American gymnastics coach

Roger L. Counsil (January 11, 1935 – August 8, 2017) was a former American gymnastics coach, and head of the United States Gymnastics Federation, now known as USA Gymnastics.

==Biography==
Counsil was born on January 11, 1935, in Wood River, Illinois. He attended East Alton–Wood River High School and graduated in 1954.

He was an athlete at Southern Illinois University, where he competed in track, swimming, and gymnastics. He was the NAIA 1-meter diving champion in 1957, the same year he was named the "Most Valuable Athlete" at SIU. In addition to his bachelor's degree, he earned his Master's from SIU and completed his doctorate in Higher Education Administration at Indiana University Bloomington.

For 17 years, he coached at Indiana State University.
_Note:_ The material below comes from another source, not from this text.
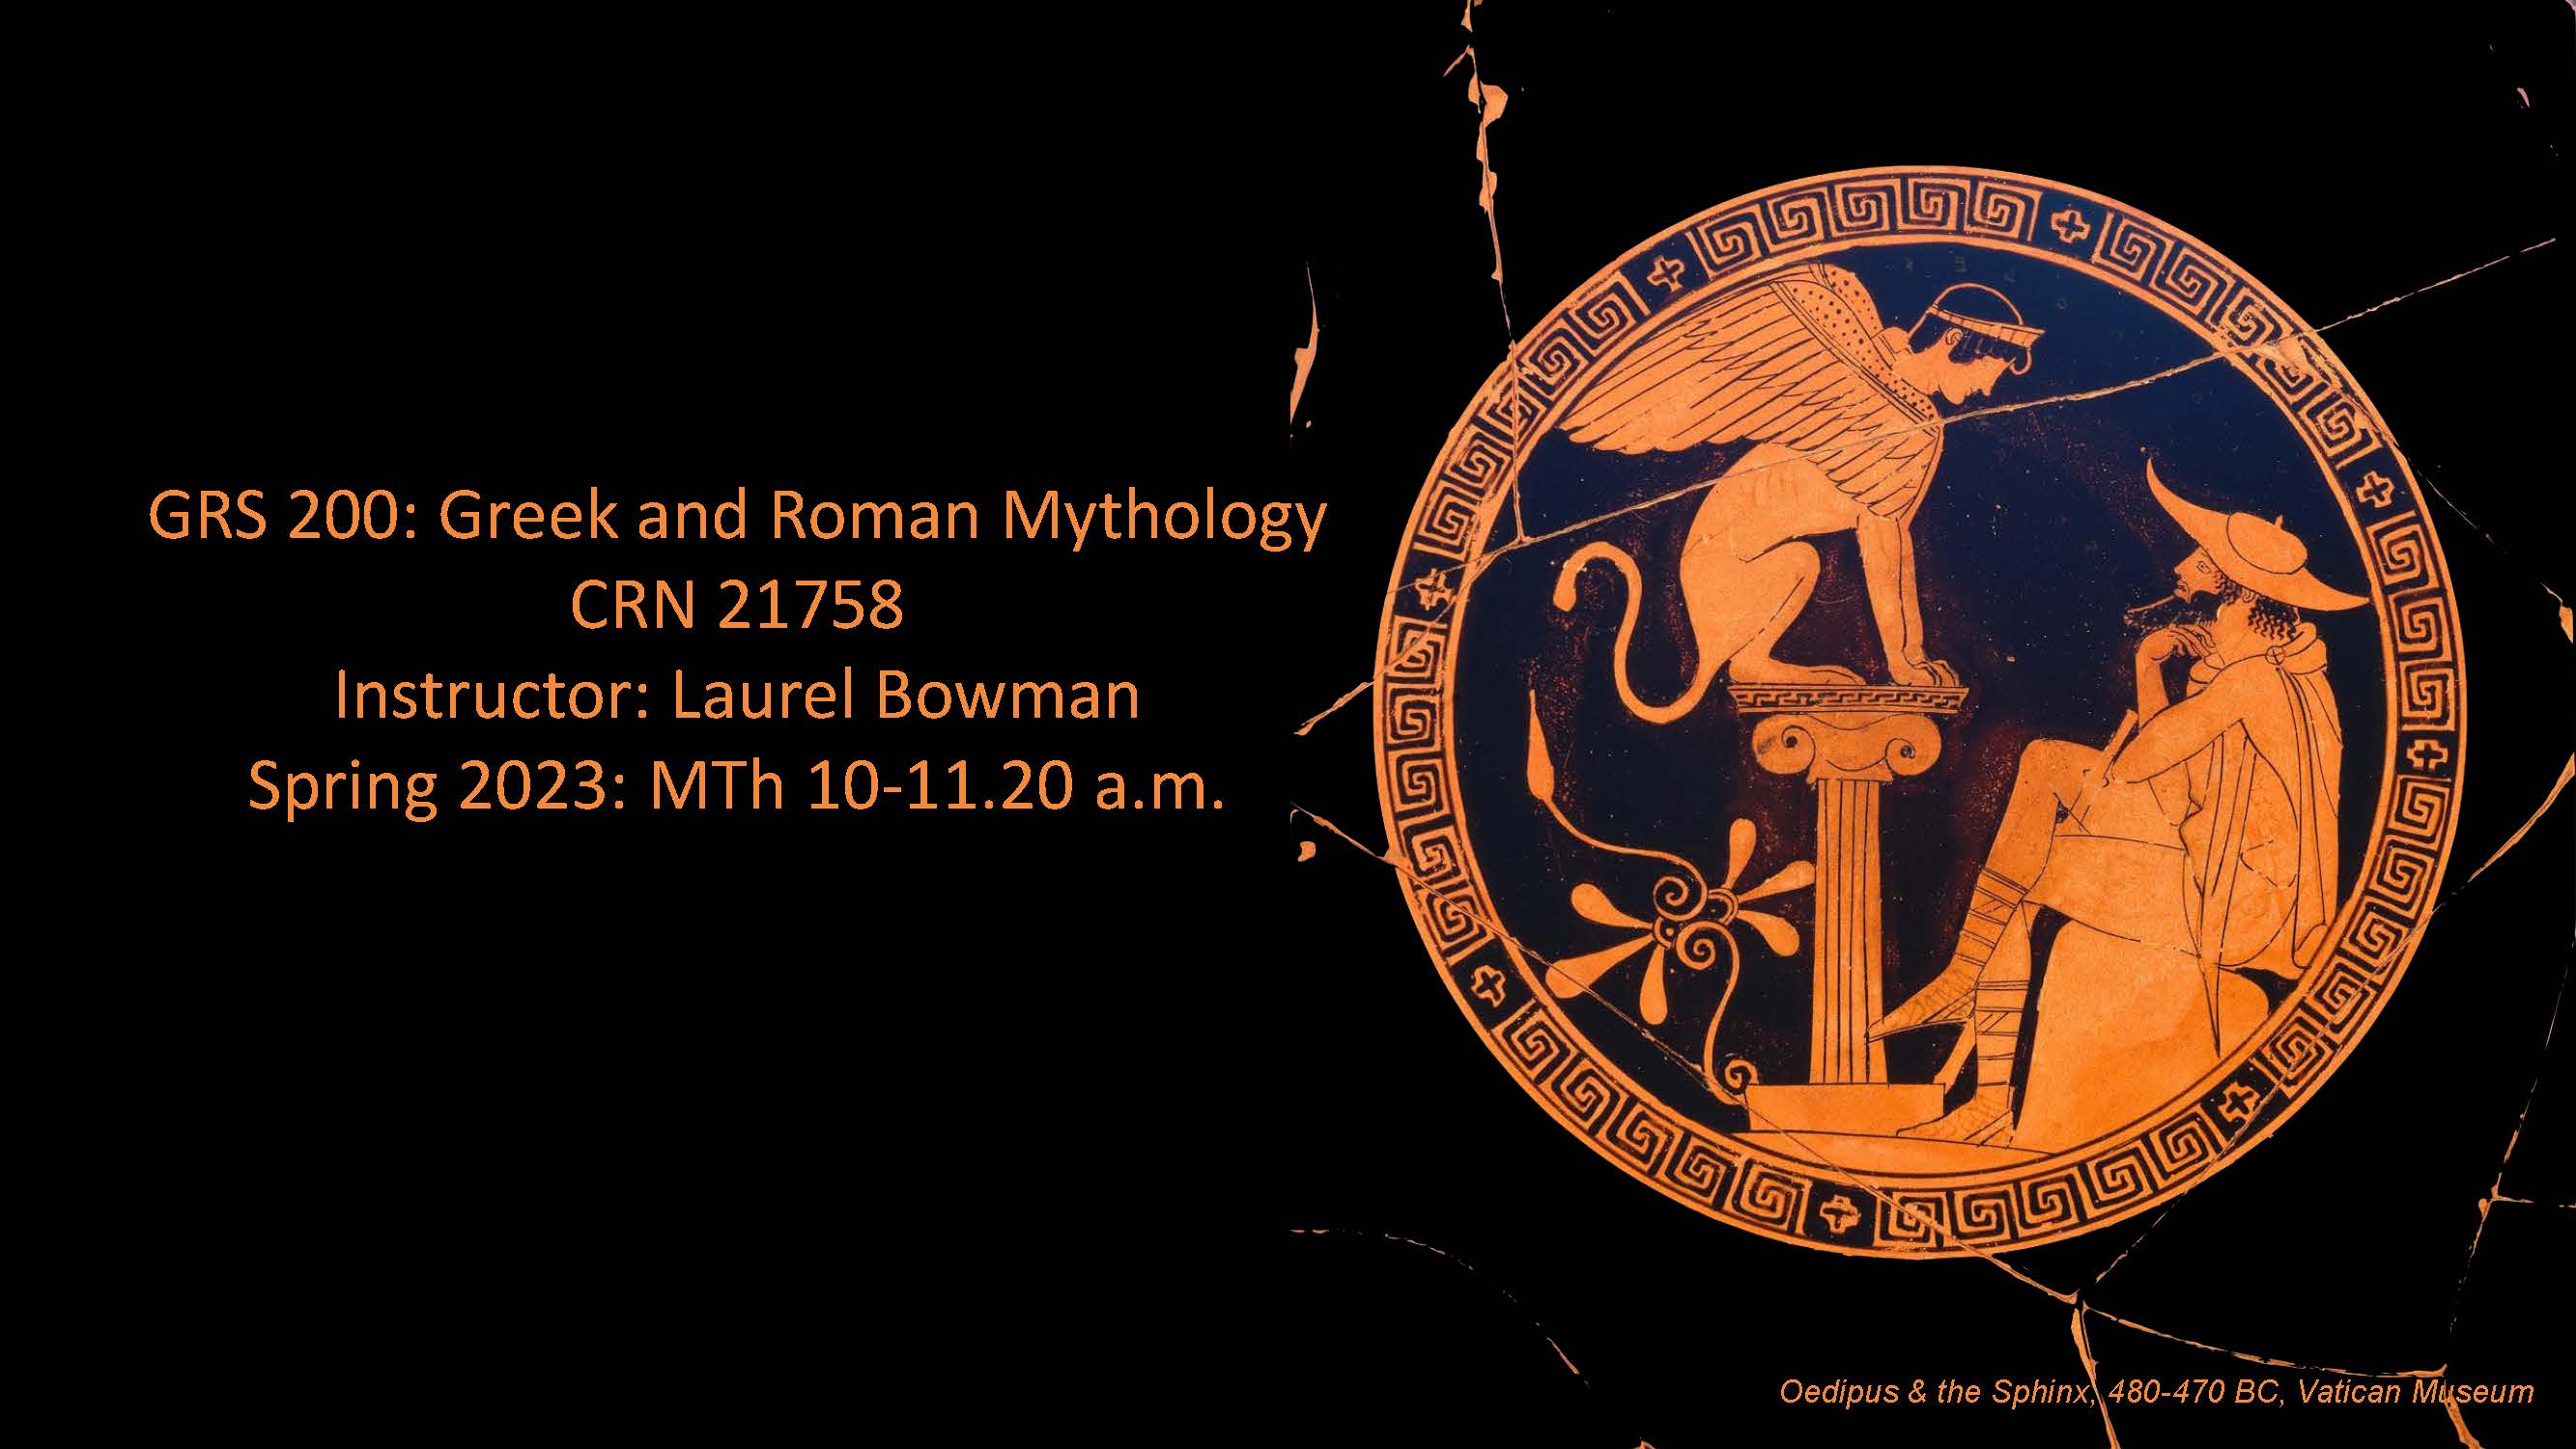 LEARN, EXAMINE, DISCOVER historical, social and cultural contexts of mythology

Counsil was named Olympic coach for the U.S.-boycotted 1980 Summer Olympics and held several other positions. These included:

- Chairman of the NCAA Gymnastics Committee.
- Men's coach for the U.S. team in the 1978 World Games .
- Host coach for the 1975 NCAA National Championships in Terre Haute.
- National "Coach of the Year" and four-time recipient of Mideast "Coach of the Year" honors.
- Executive Director of the USA Gymnastics, a position he assumed after leaving ISU in February 1980.

In 1980, he was inducted into the Southern Illinois University Athletics Hall of Fame. In 1985, he was inducted into the Indiana State University Athletics Hall of Fame. On August 8, 2014, he was selected as an Institutional Great by the Missouri Valley Conference and inducted into the Conference Hall of Fame.

==Death==
Counsil died on August 8, 2017, at the age of 82.